FOR A KINDER, FAIRER CITY

Napier Pilot City Trust, the PCT — it’s a name many

people in Napier have read about and heard of

for nearly 40 years. The trust has been driven by

Pat, the city’s mostly popular, indefatigable peace loving

activist and his many foot soldiers over the years, as a

vehicle for hope. The trust’s essence, it’s kaupapa, is to

inspire the delivery of kinder, fairer attitudes and policies

to those in need of them and inspire positive alternatives

to handling violent crimes.

The birth place for the trust was the Hawke’s Bay

Community College (HBCC) back in the late ‘70s. This

new college was a hub for innovative thought and inspired

change and leadership. At the time it had government

support to initiate and implement an enlightened

blueprint for a new education model based on principles

of fairness and inclusion that would encourage people

to engage with the college, who previously felt alienated

and intimidated by such places of learning, and it was

successful in this.

Under the stewardship of social anthropologist and

educator, John Harré and his keen team of educationalists

inspired by the movements of social change of the

day, this institution was anything but staid, it was revolutionary.

It held a forum in 1977 to address social issues

and invited leading practitioners and academics who

seized the day and the opportunities to suggest a fresh

approach. Current models of law, order and incarceration

weren’t working and a new way needed to be found.

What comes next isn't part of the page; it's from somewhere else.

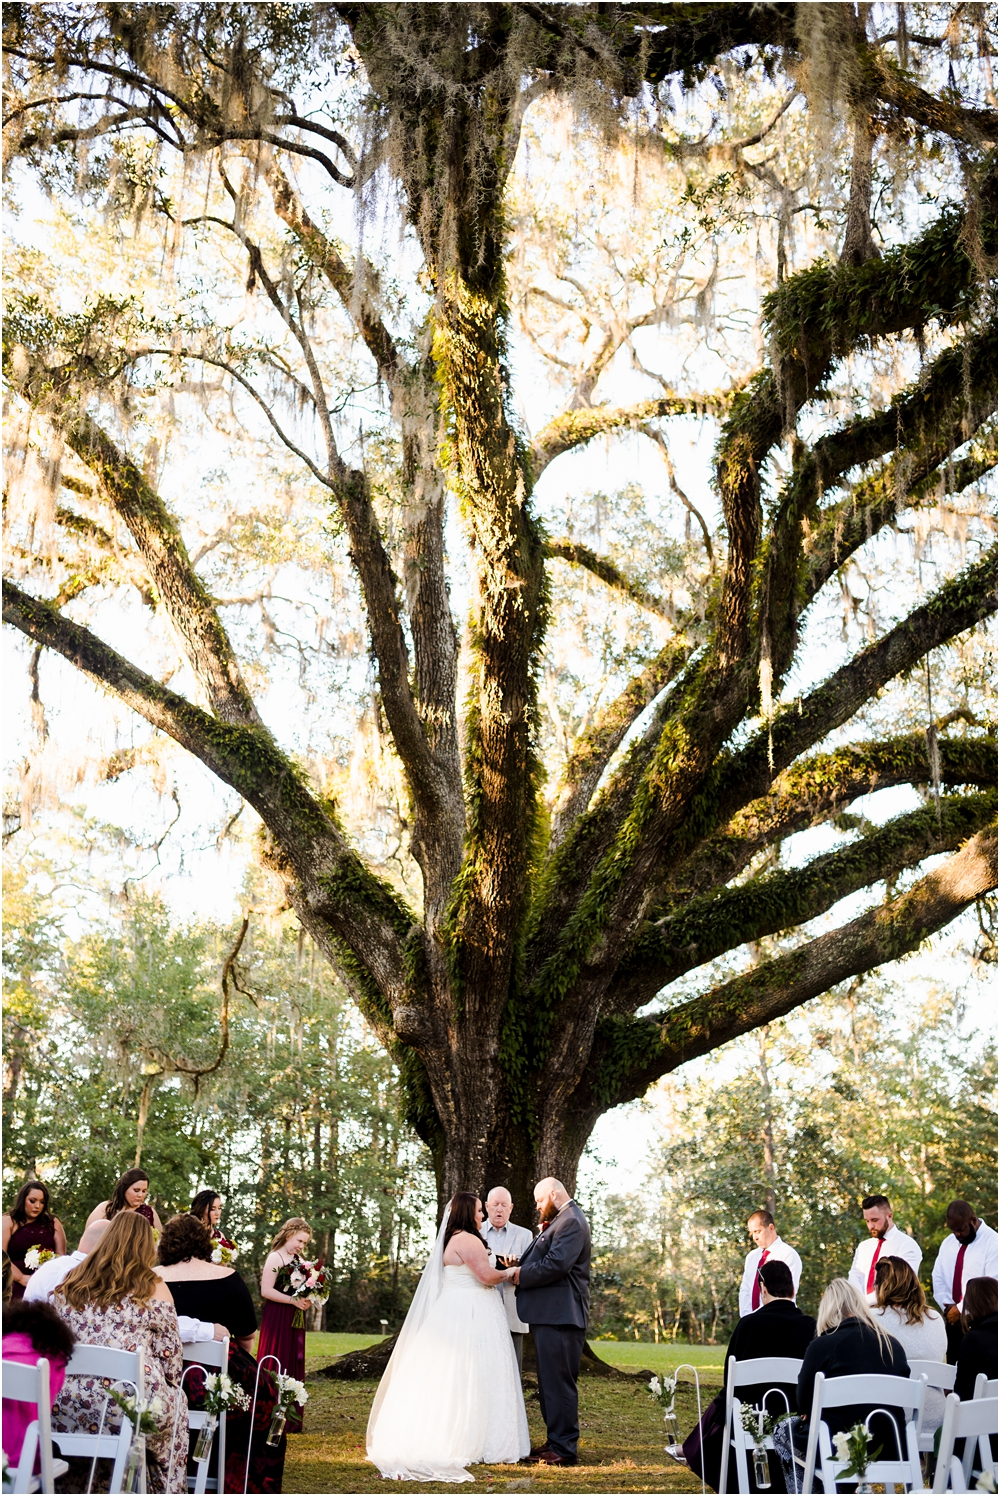 Eden-Gardens-florida-wedding-photographer-kiersten-stevenson-photography-65.jpg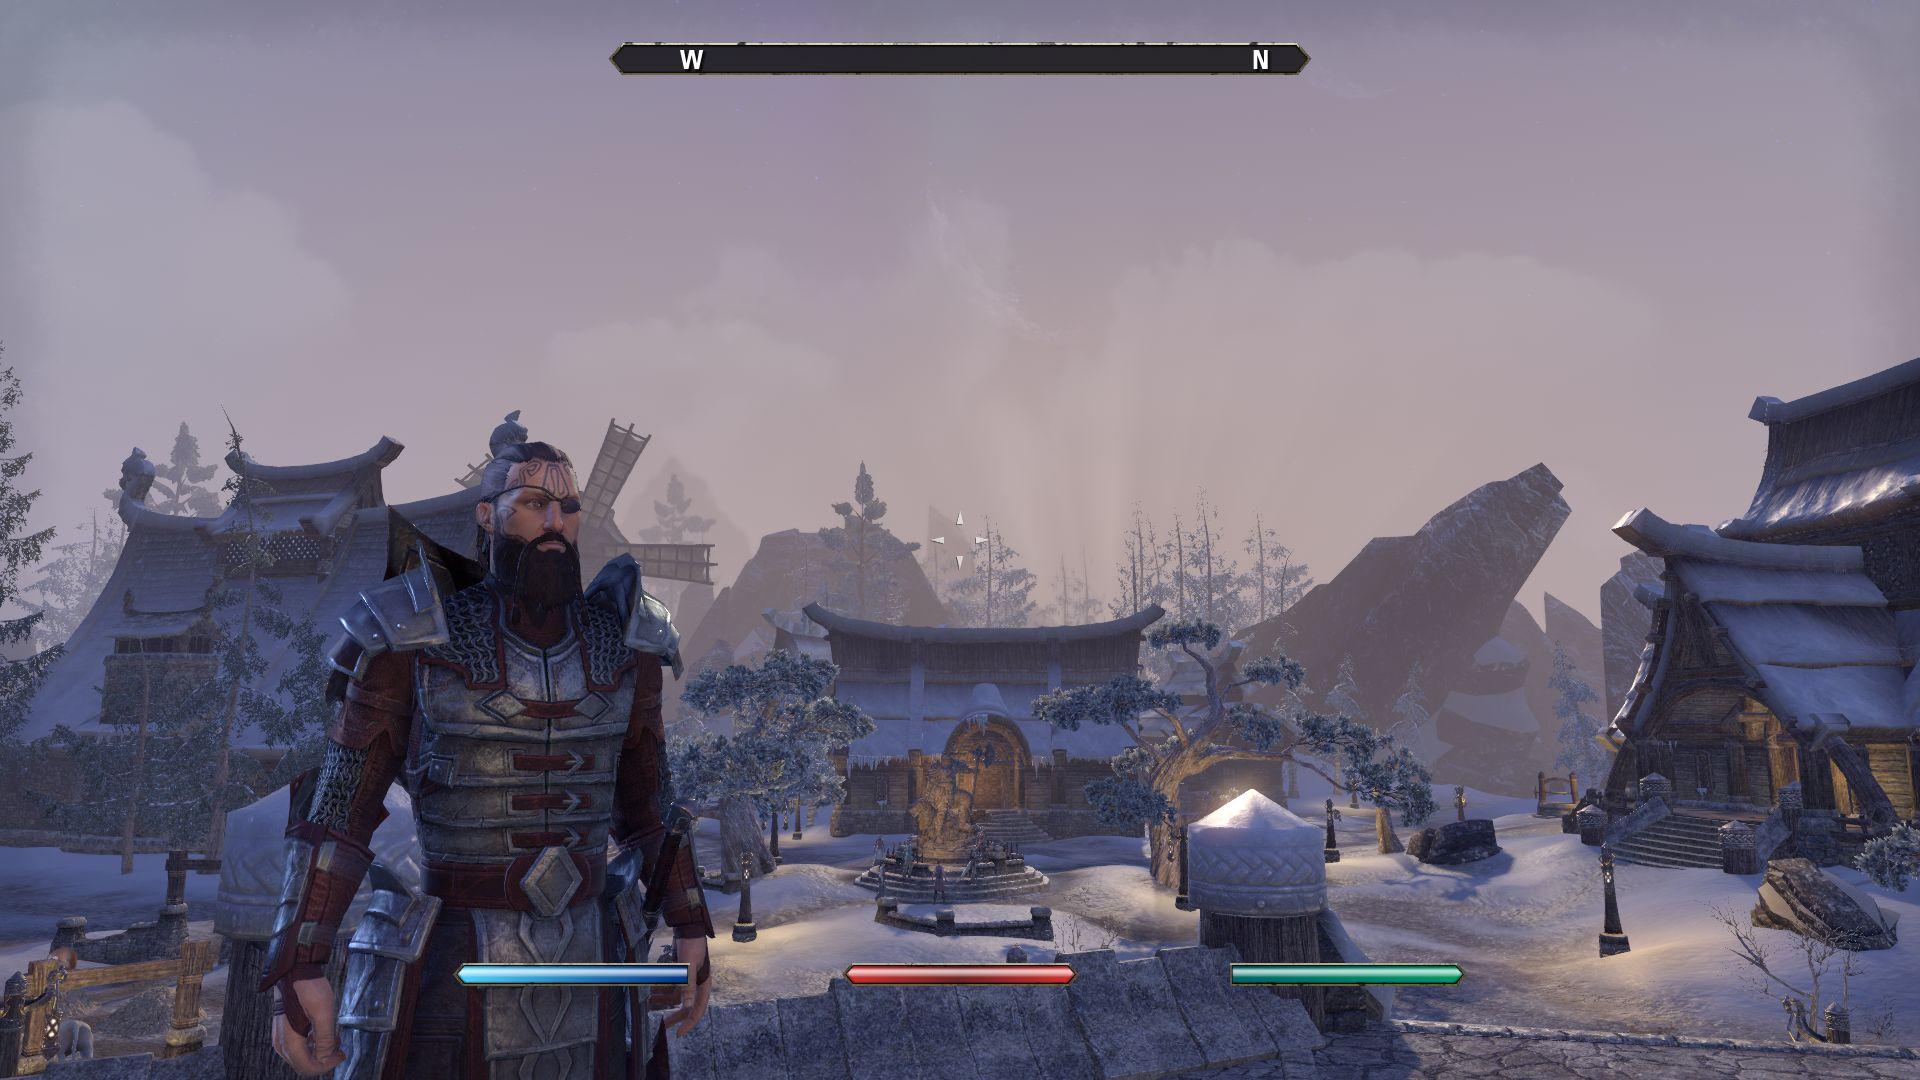 elder-scrolls-online-screenshot-2018-01-21-16-25-16-65

With government support at the time for their vision,

people like Pat, with not just dreams but strident desires

to see a healthier community, were to see their visions

become reality. At the forum, the now late Dr John Robson

uttered the phrase “Napier — the one place to offer

hope”. This had a profound impact on Pat. He grasped

that phrase, seared it across his heart. He then set forth

to spread the possibility ever since, and captain the Pilot

City Project.

In 1983, under a Muldoon National Government (a socialist

in a blue suit?) ,the Department of Internal Affairs

funded a study of the Pilot City concept and in January

1986 Napier was designated by Ann Hercus, the then

Labour Minister of Police and Social Welfare, as a Pilot

City for the study and implementation of positive alternatives

to violence. Mana from heaven, things were rolling.

Researcher Bev Barron was appointed and work got

under way on Napier’s trail-blazing “social experiment.”

Opposite: Pat doing what he does best, leading from the front and bringing the people along with him. John Wise is the artist, a long

time colleague of Pat’s from way back in the earliest days of the Hawke’s Bay Community College and the seeds of the Pilot City;

Above: John Robson. Through John’s inspiration and involvement with the Napier Pilot City Trust, a collection was opened in his honour

at the former Napier Public Library by mayor Alan Dick and John Harré. The collection is now available at the new Napier Library.